Вечером Уильям валился на кровать, не давая себе труда раздеться. Порой, в считанные мгновения перед сном, он успевал подумать о новом ялике, о болотах, о том, что сделает, когда кончится сбор хлопка и умолкнет грохот хлопкоочистительных машин… Они с Питером Уошберном стащат ялик с илистого мелководья и будут окатывать проточной водой, пока не отмоют дочиста. Потом погрузят в фургон и повезут по дорогам, которые поколения Хаулендов проторили через песчаные красные холмы, когда шагали изо дня в день, кто за дровами, кто на охоту, а кто просто так, ради удовольствия протоптать новую тропинку по земле. И наконец они выведут ялик на речушку, прозванную Оленьим ручьем. Дальше Уильяму предстоит пробираться в глубь болот одному. Он был уверен, что сумеет.
Сбор хлопка шел к концу, и Уильям Хауленд заметил, что все чаще вспоминает про болота. «Скоро двинусь», — передал он Питеру Уошберну.
Однако вышло иначе. В тот самый вечер, когда он окончательно решил, что готов в дорогу, он получил письмо от дочери. Ее почерк, летящий, прихотливый, нечеткий, чем-то напоминал ее манеру читать стихи. Письмецо было нацарапано наспех и сложено раньше, чем просохли чернила. Уильям угадывал изящные очертания букв, старался прочесть смазанные, неразборчивые слова, вдыхал тонкий аромат духов, идущий от бумаги. Понять удалось одно: что она едет домой.

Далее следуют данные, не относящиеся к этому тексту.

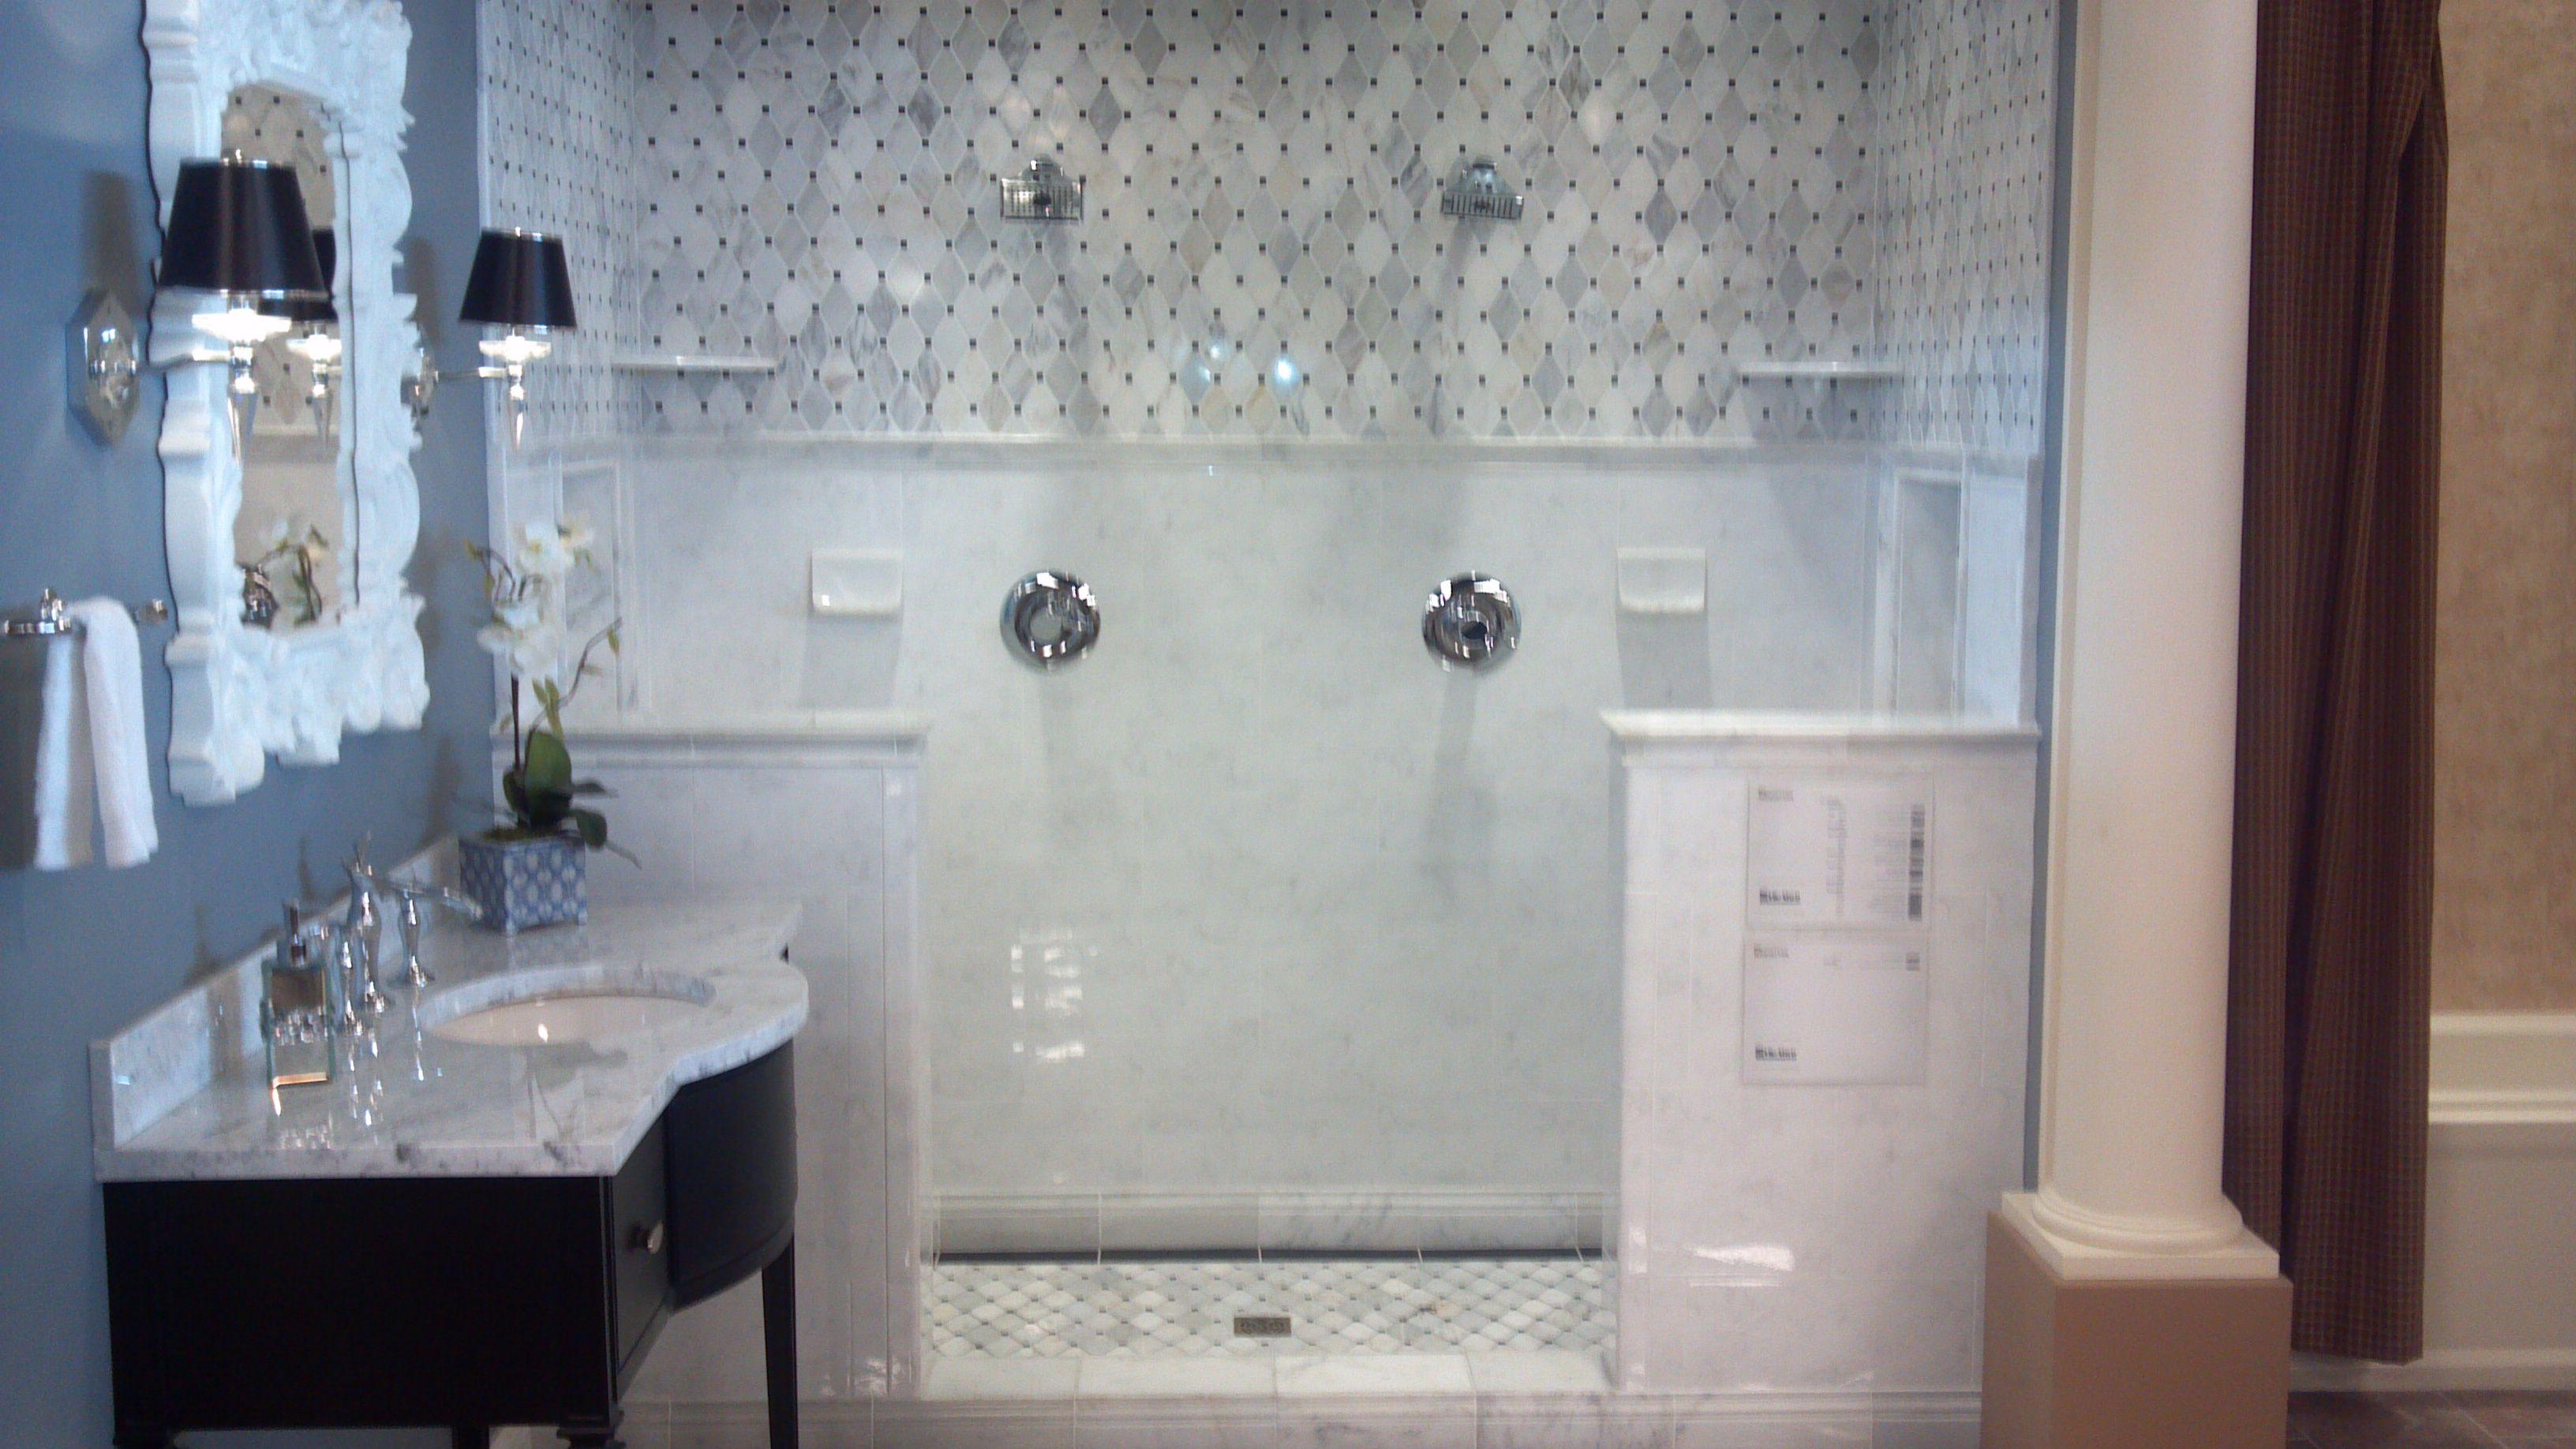 small bathroom ideas pinterest car interior design. Black Bedroom Furniture Sets. Home Design Ideas

Он встречал ее на станции.
Она была такая же, как всегда, — худенькая, высокая, белоголовая. Только куда-то делась ее обычная рассеянность. Она бросилась к нему и — до сих пор этого на людях никогда не бывало — повисла у него на шее.
— Папочка! — Она горячо зашептала ему в ухо. — Ты удивился, да? Правда, изумительно? Просто дивно, просто лучше не бывает…
Уильям Хауленд терпеливо объяснил:
— Письмо было все смазано, дочка. Я мало что сумел разобрать. — Он увидел, как у нее вытянулось лицо, задрожала нижняя губа. — Ты его слишком рано сложила, — мягко прибавил он. — Ничего, расскажи сейчас.
Она отступила на шаг и сказала громко, с расстановкой, точно обращаясь к глухому или постороннему (и Уильяму вдруг подумалось, что, может быть, таков он и есть):
— Я выхожу замуж.
Он глядел на нее, а сознание отметило только, что станционный смотритель Руфус Мэттьюс схватил метлу и, притворяясь, будто ничего не слышал, стал подметать пыльную сухую платформу.
— Ты удивляешься, папочка? — ворковала Абигейл. — Чудесно, правда? Я знаю, ты думал, что меня уже вовеки не сбыть с рук.